E.P.B.G & G.I.Science

The article we read this week, “Environmental Perception and Behavioral Geography” by Amedeo & Golledge, discussed the development and significance of the specialization of behavioral geography. While not immediately obvious, there are some similarities between this field of study and that of G.I.Science. As the authors discussed on page 137, Environmental Perception and Behavioral Geography’s (E.P.B.G.) beginning was influenced by a changing focus of study from large scale human events over extensive spaces to a smaller, more individual, scale which emphasized the importance of interaction between humans and their environment. After this shift in scale of study, traditional issues were revisited and more questions were asked. An important tenant of G.I.Science is that of scale. Many ideas or perceptions can be changed when something is examined at a different scale. Whether one is looking at issues of scale in terms of a river network (G.I.S) or a shift in a focus of study (E.P.B.G.), knowing how to manage and maximize the positive consequences of scale is important for both fields.

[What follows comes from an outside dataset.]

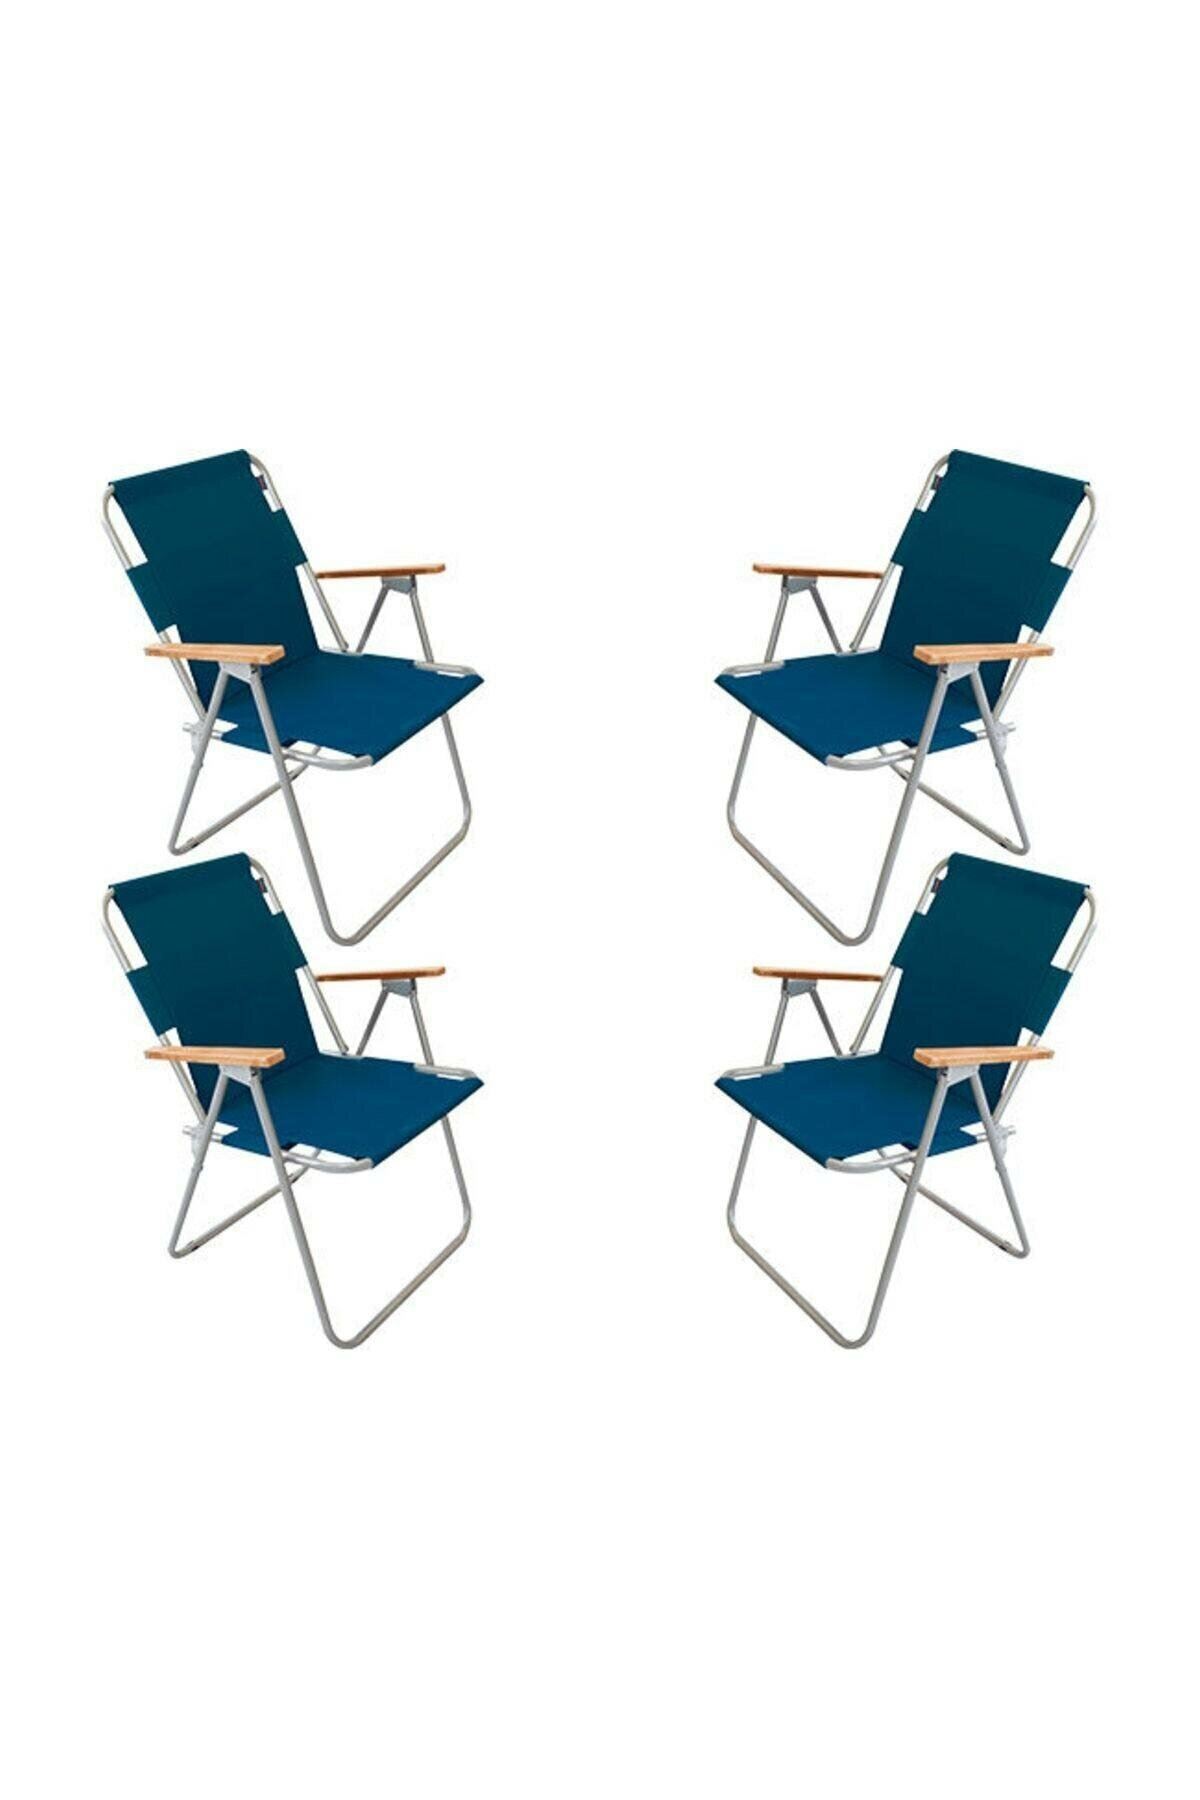 Bofigo 60x80 Çam Katlanır Masa + 4 Adet Katlanır Sandalye Kamp Seti Bahçe Balkon Takımı Mavi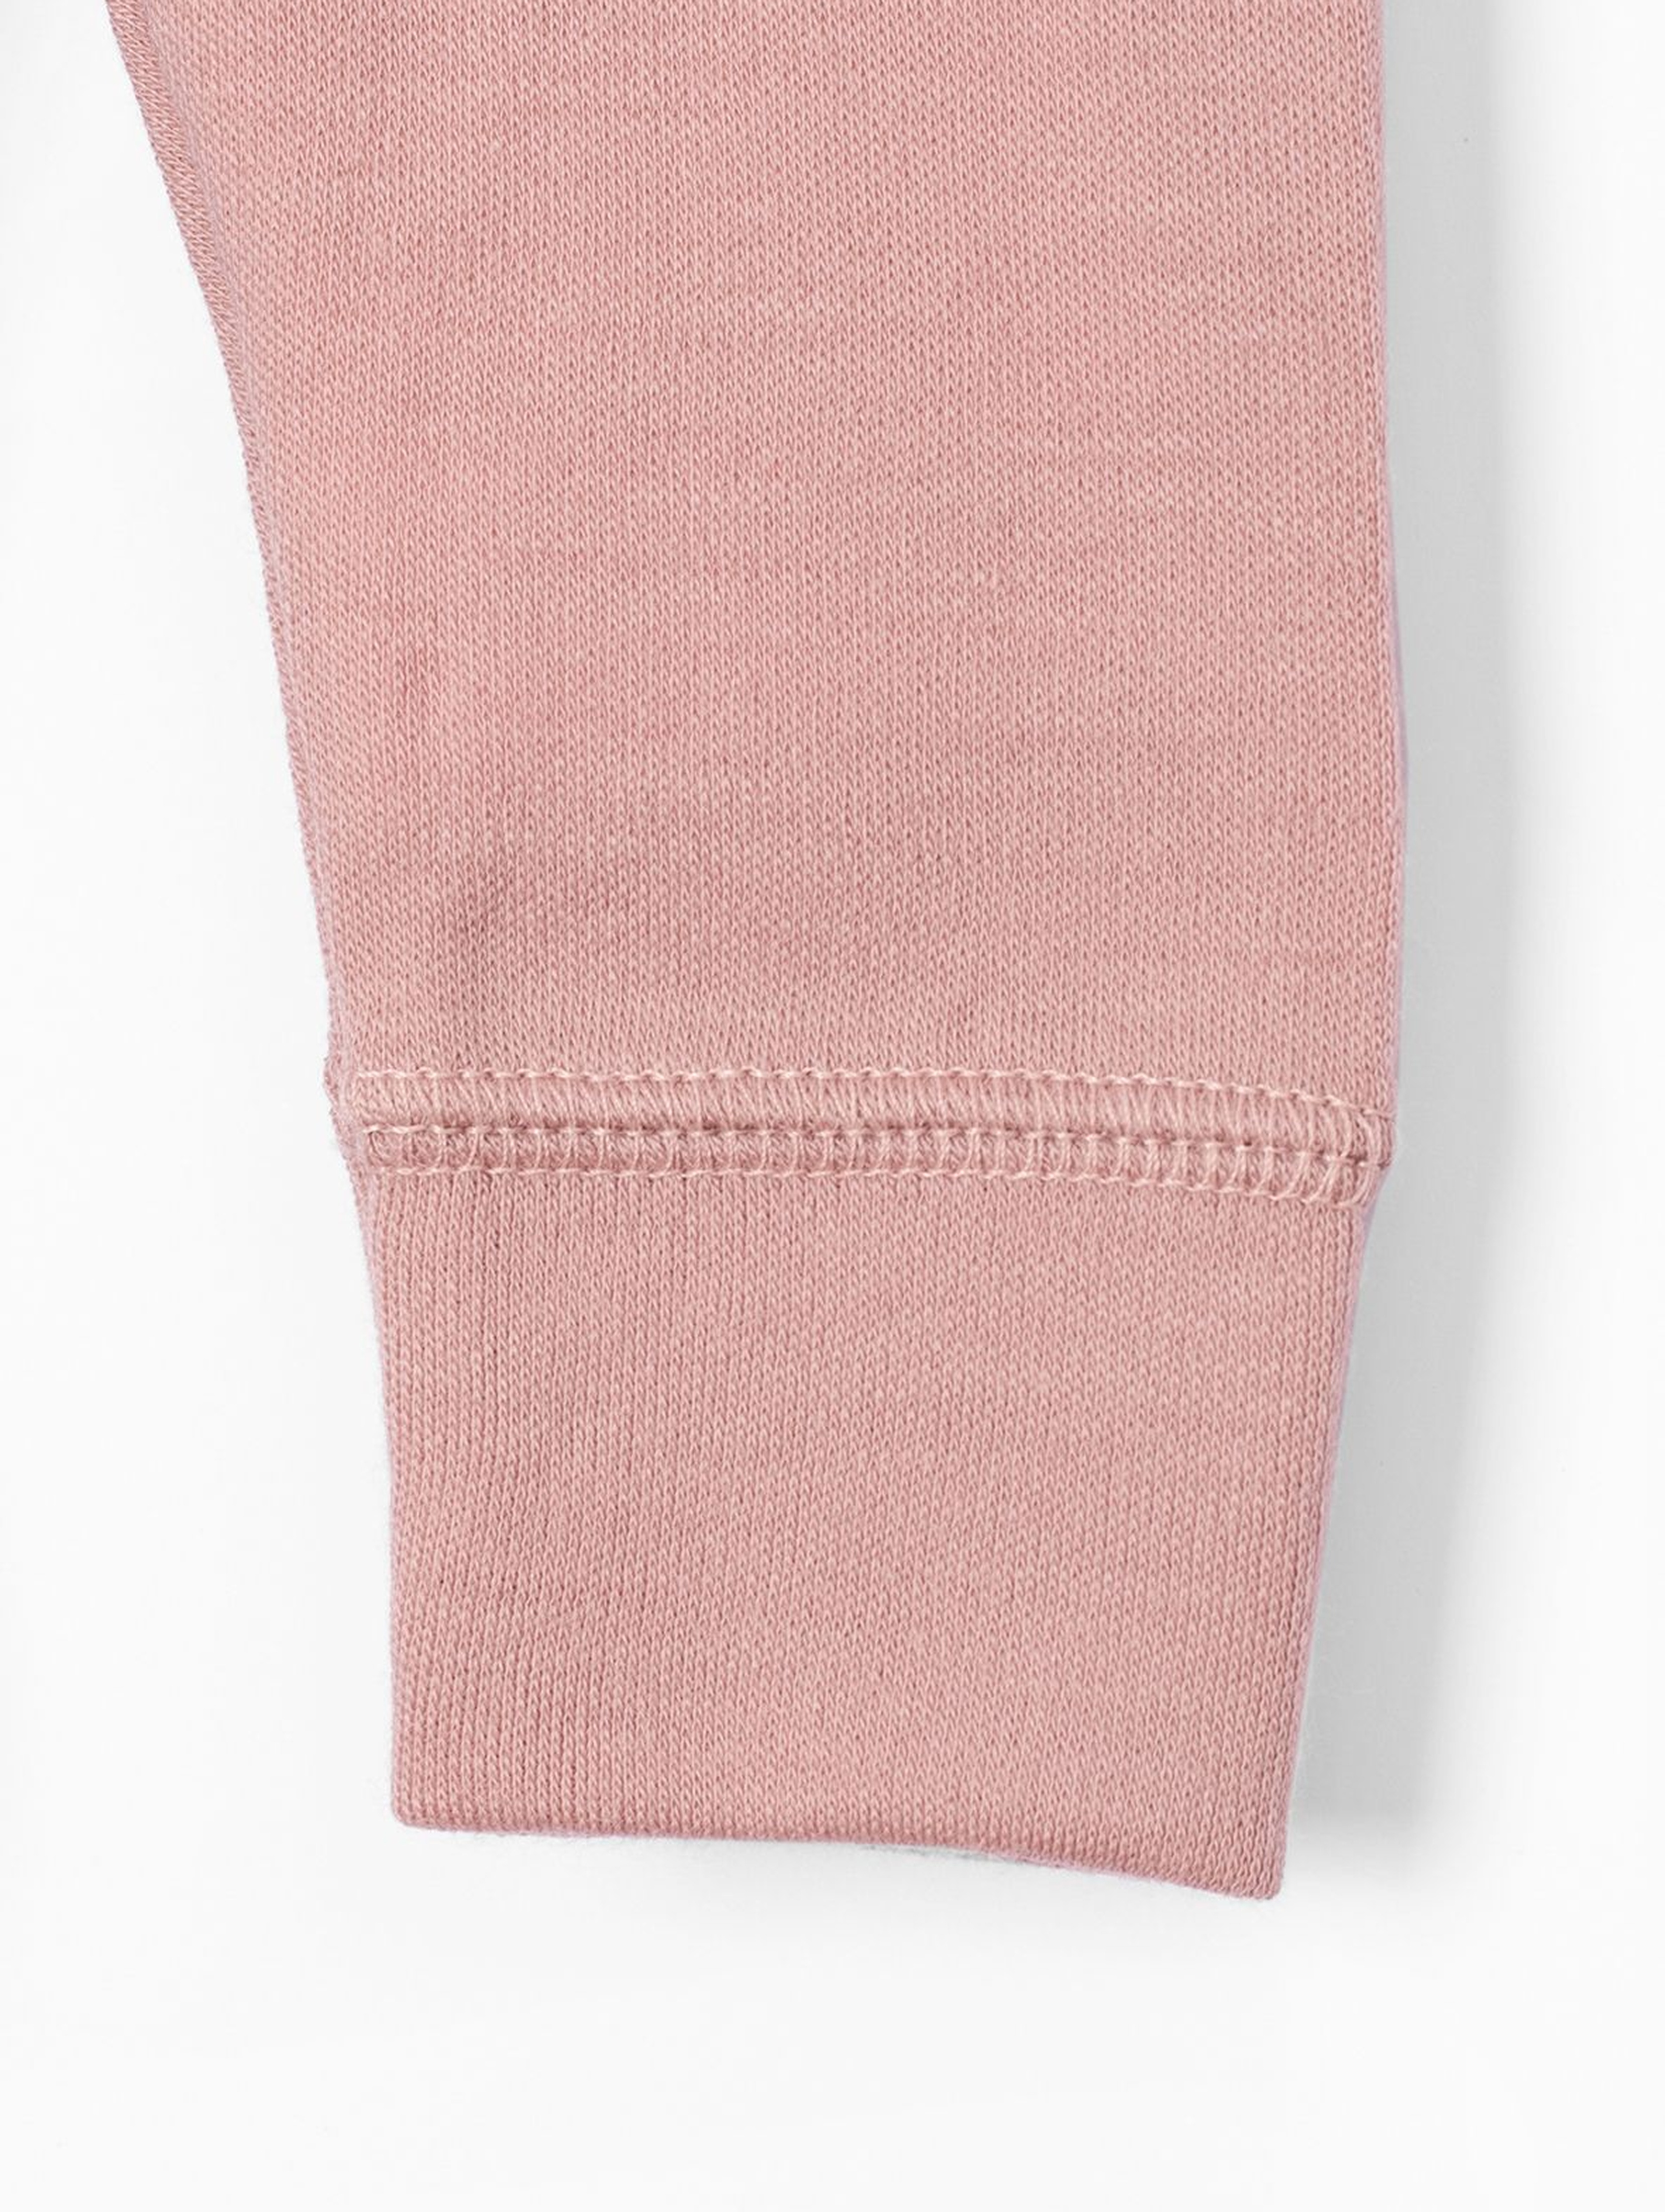 Wełniane różowe spodnie dresowe dla niemowlaka

An interesting idea that was discussed in the article was what constituted an environment. Since E.P.B.G. is heavily focused upon environment and how humans interact with and experience it, having a good idea of what it constitutes is a good idea. As was noted, two broad categories of environment (built and non-built) emerged, which greatly expanded the field of study. Similar to G.I.Science, as was discussed in class, there can often be complications that arise when people have different definitions of an object or idea (ex. when does a river start or stop). Speaking of which, I felt that this paper glossed over the idea of what makes an environment and that the couple of sentences devoted to it were unfulfilling. A more comprehensive definition would have made the overall paper clearer, but perhaps a more comprehensive definition is not obtainable.